What a load of nonsense

----------


## rob murray

> What a load of nonsense


NO creditible sources cited either, so its a non starter, the guy wis on here on a thread suggesting he was trying to get political debate going on ae org, but what he posted isnt up for debate as its presented as actual facts ( without sources or supporting evidence ) so how can you engage in debate against this, another case of a NAT who thinks every non NAT is wrong and they are  always 100% right ( if only the media would  support them !! ) Oh by plagiarising other authors he's breaking the lawand leaving himself and the site open to legal proceedings

----------


## rob murray

[QUOTE=caltonjock;1145702]https://caltonjock.com/2016/04/19/ke...-their-record/[/QUO

CJ take a gander at this http://wisermonkeys.uk/snp.html kinda puts a bit o balance into yer NATS dont do wrong propoganda.

----------


## caltonjock

Rob,  Wise Monkeys most definitely offers a different view of Scottish politics. There is very clear conviction in the various allegations and I would not be so glib as to offer comment on any of them in this reply. But you can be assured I will take time and read the blog at length. Thank you.

----------


## rob murray

> Rob,  Wise Monkeys most definitely offers a different view of Scottish politics. There is very clear conviction in the various allegations and I would not be so glib as to offer comment on any of them in this reply. But you can be assured I will take time and read the blog at length. Thank you.

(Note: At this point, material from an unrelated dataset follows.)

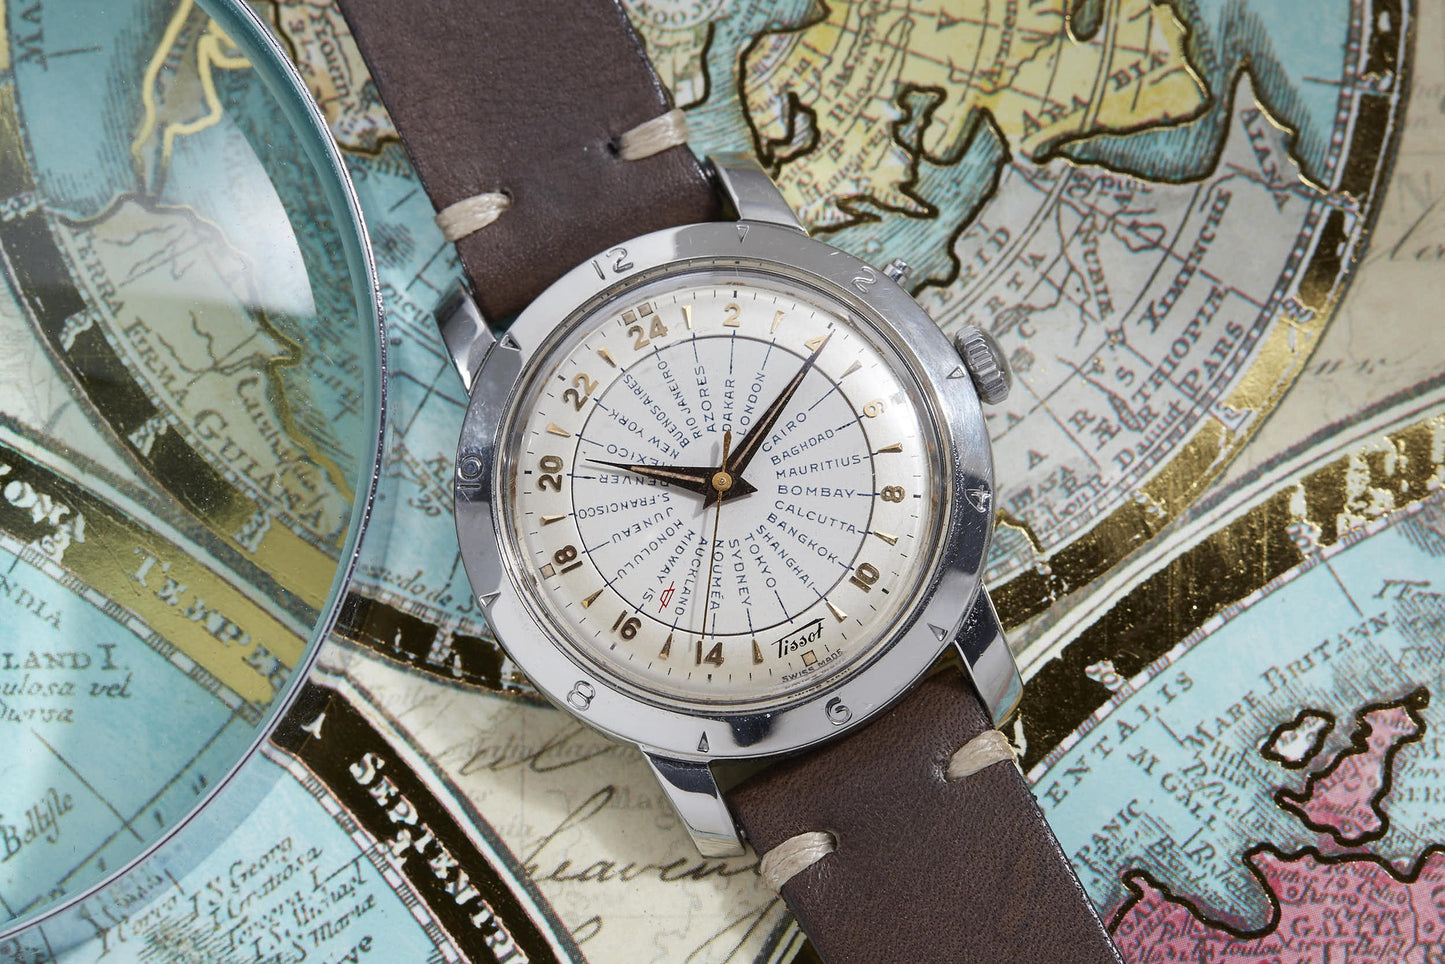 Hr Uplifted Es Tissot Navigator World Time – Analog:Shift

CJ I use the word "balance" as your site and obviusly pro NAT sites ( wings etc ) offer a one sided  view point that is not helping STurgeons case to "engage in dialogue with previous no voters" is it ? SOme humility wouldnt go a miss from the SNP afterall everyone gets things wrong at times ?

----------


## caltonjock

Rob, I agree pro NAT sites tend to offer a one sided view of politics in Scotland. But they do not attempt to hide their nuances. I also checked out a few sites operating in support of other parties and found the same approach to be prevalent.. In defence of Nicola Sturgeon and her colleagues they rarely if ever get involved with political pundits such as "Wings" or myself  for the reasons of fairness you raise.

----------


## golach

oh I love the ignore facility here, so caltonjock enjoy being ignored  ::

----------